Salomé Meyer, co-ordinator of the Cancer Alliance, pays tribute, in this obituary in Daily Maverick, to a brave woman who wrestled with her own health battles while fighting for the rights to treatment for thousands of others.
Thato Moncho (41) who died of cancer on 2 January, was the face and voice behind the landmark Cancer Alliance and SECTION27 court case against the Gauteng Department of Health, litigation that exposed the systemic denial of lifesaving cancer treatment to thousands of patients across Gauteng.
Diagnosed with inflammatory breast cancer in 2020, Thato had her first round of chemotherapy between October 2020 and April 2021. After treatment, she was placed on the waiting list for radiation therapy at Charlotte Maxeke Johannesburg Academic Hospital (CMJAH).
While waiting, without clarity, timelines or accountability, her cancer returned aggressively. She endured another brutal nine-week round of chemotherapy and subsequently a mastectomy.
Despite being diagnosed at stage 2 and being an excellent candidate for radiation therapy – treatment that should have begun within four months of chemotherapy – radiation never materialised.
This injustice marked the beginning of Thato’s extraordinary advocacy journey. She personally approached the MEC for Health and the CEO of CMJAH, only to be met with explanations of backlogs, understaffing, fire damage and budget constraints. She was told to “have faith”.
Her story became the story of nearly 3 000 cancer patients trapped in radiation backlogs at Charlotte Maxeke.
From the first protest march to the Gauteng Department of Health in November 2022 to the final march in April 2024, Thato stood at the forefront; unwavering, outspoken and courageous.
She publicly challenged President Cyril Ramaphosa to intervene and was named a patient litigant in the case against the Gauteng Department of Health for failing to use R784m allocated to address radiation oncology backlogs.

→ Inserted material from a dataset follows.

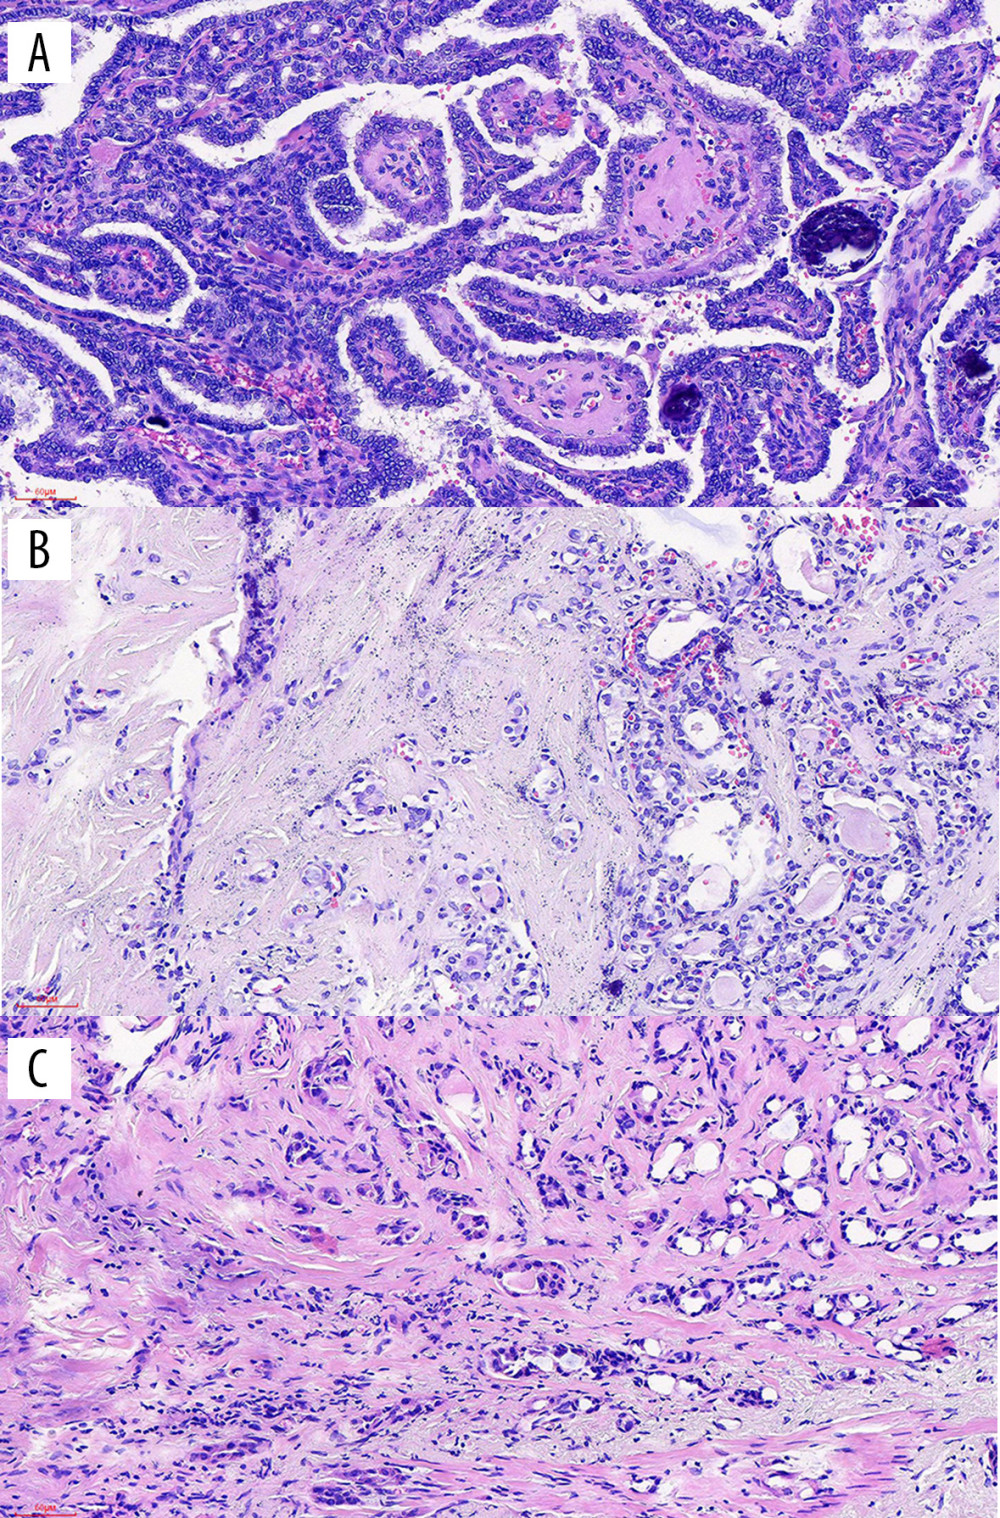 (A–C) Photomicrographs of the histopathology of a well-circumscribed papillary thyroid microcarcinoma (PTMC) measuring less than 10 mm in the thyroid isthmus showing cuboidal and columnar cells, some with nuclear inclusions and nuclear grooves, and few mitoses. Hematoxylin and eosin (H&E) ×200.

The case, initiated in November 2024, is now proceeding to the Supreme Court of Appeal.
In May 2025, Thato penned a powerful open letter to Gauteng Premier Panyaza Lesufi after his public apology for delays in cancer treatment, an apology she felt came too late. Her words cut through bureaucracy and denial, speaking directly to lived experience, pain and betrayal: “Your apology is too late for cancer patients like me… I live in fear of another recurrence, and my daughter may never get to enjoy her mother because of your arrogance. I would not have had five recurrences if the department had done its work.”
Her last public appearance was at a public symposium convened by the Ahmed Kathrada Foundation, held in remembrance of Babita Deokaran’s courageous fight against corruption in health. There, Thato shared her lived experience of how the health system failed her, and so many others.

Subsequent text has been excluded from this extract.